(DOUGLAS COUNTY, Colo.) — The deadly school shooting in Colorado Tuesday brought back familiar feelings of grief and fear for local parents, including the district attorney who will be handling the case.
“If you had suggested to anybody behind me or in this room that within 20 years in 20 miles we would have dealt with Columbine, the Aurora theater, Arapahoe High School, the shooting of Zack Parrish and four other deputies, we’d have thought you mad, and yet here we are again,” District Attorney George Brauchler said at a news conference Wednesday.
His comments come as the community in Douglas County, Colo., grapple with the aftermath of the shooting at the STEM School in Highlands Ranch, which left one victim dead and eight others injured. Two suspects are in custody.
“There are those that won’t be classified as victims [who are] feeling it right now,” he said, specifically talking about mothers and fathers who he said will be having serious conversations about whether or not to send their kids to school.

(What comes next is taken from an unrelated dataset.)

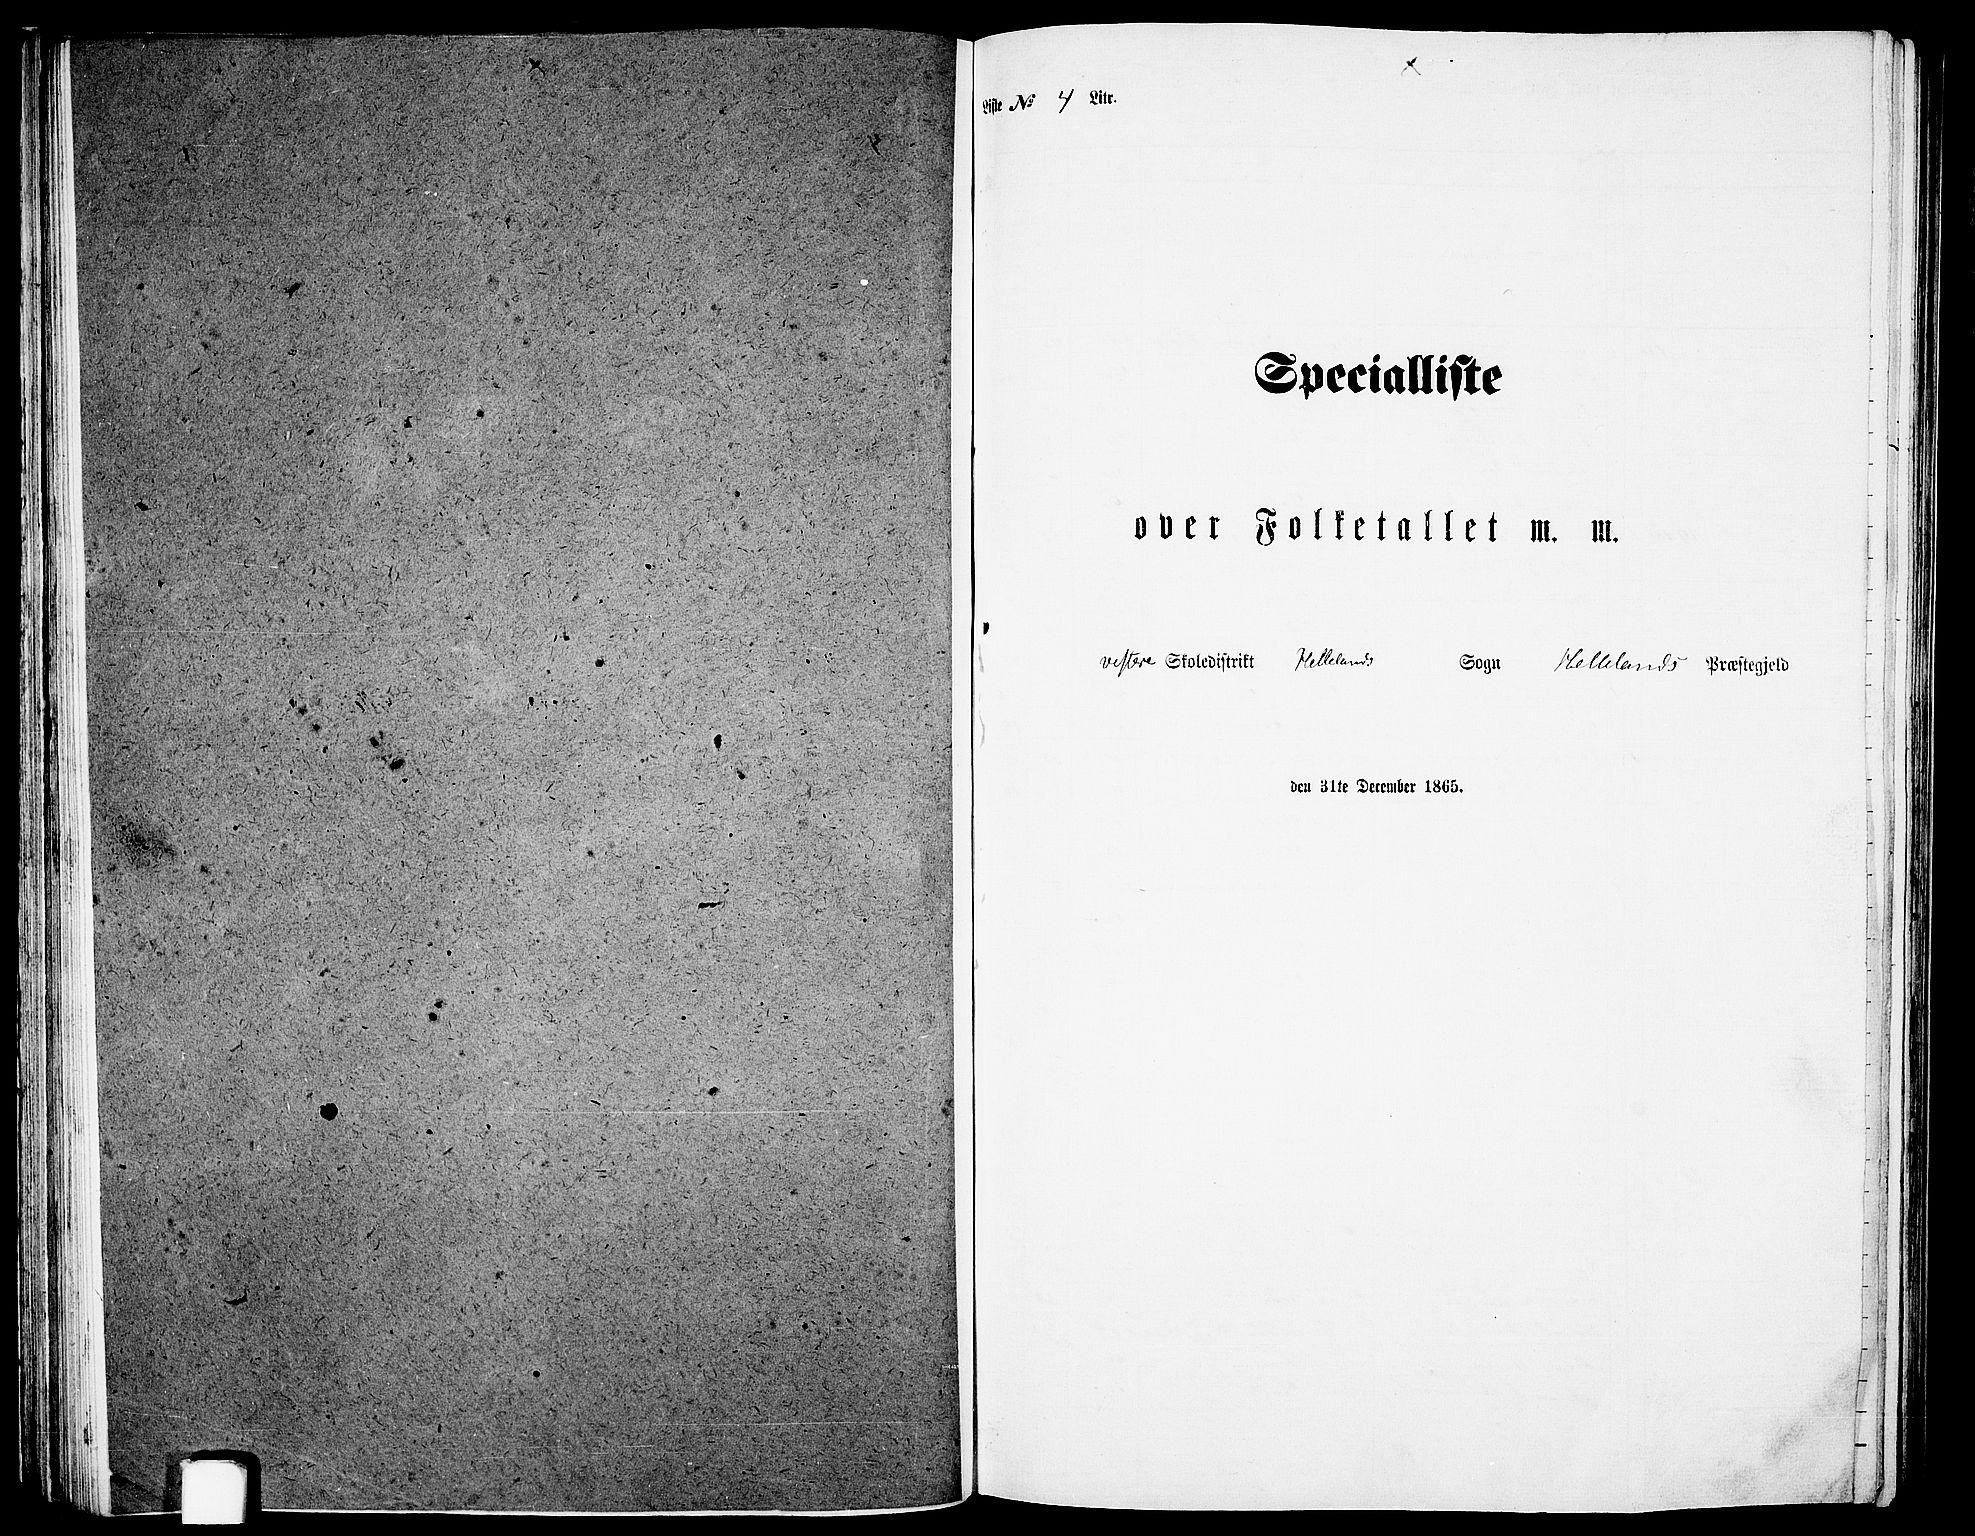 RA, Folketelling 1865 for 1115P Helleland prestegjeld, 1865, s. 54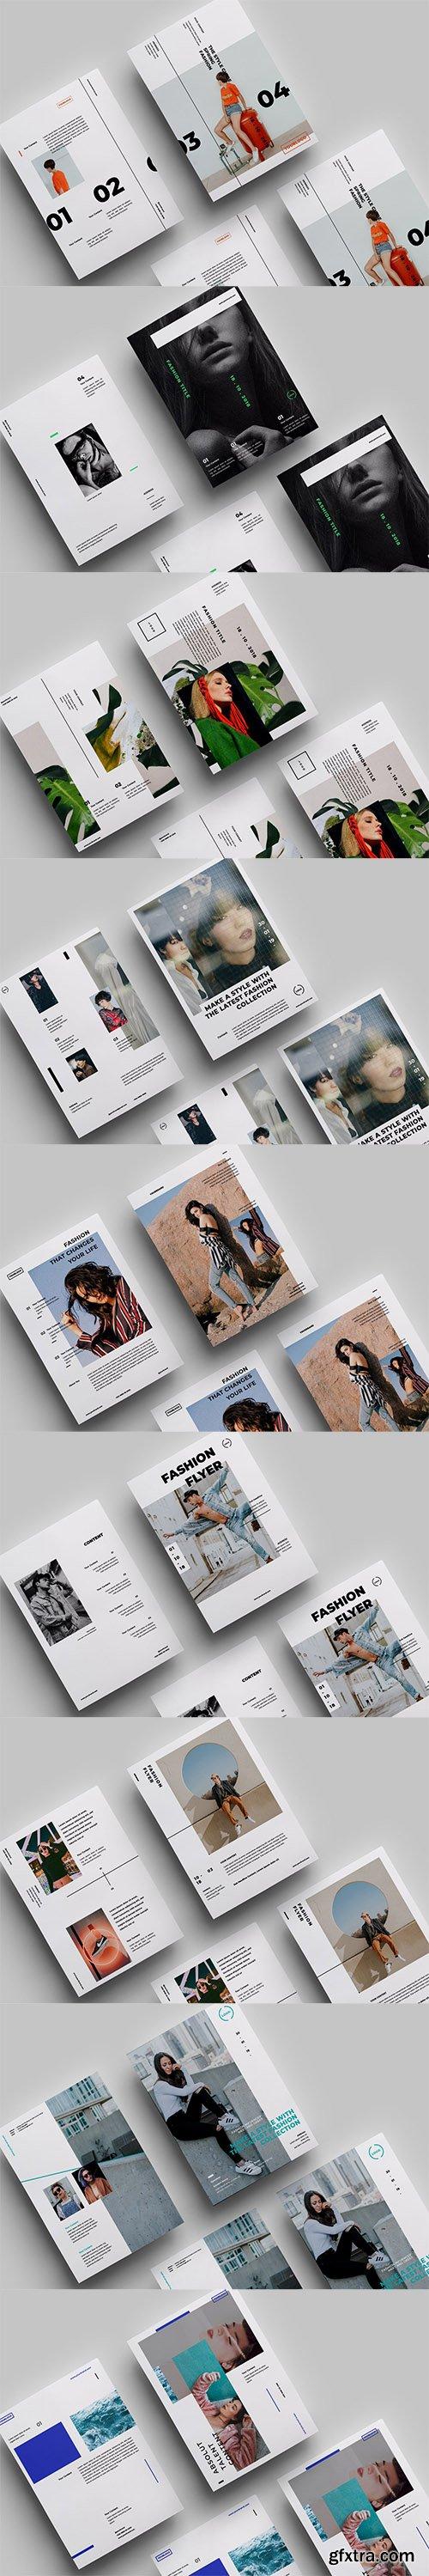 9 Minimalist Flyer Design

“My kids are going to go to school today and I recommend everyone else send their kids to school too,” Brauchler said.
“These are aberrant acts,” he went on. “The problem is when you get three or four or five of them in a 20 mile [area]” people start to think they aren’t as uncommon as they seem, he noted.
“This is not who we are and my concern is … this becomes how people view us,” Brauchler said.
Douglas County Sheriff Tony Spurlock said an investigation into Tuesday’s shooting is underway and law enforcement officials are still trying to determine a motive.
The two suspects – an adult and a juvenile, both of whom attended the school – were apprehended by responding officers in two different parts of the school. The adult, who was identified by officials as Devon Erickson, 18, is set to have an advisory hearing Wednesday afternoon. The juvenile suspect has not been publicly identified.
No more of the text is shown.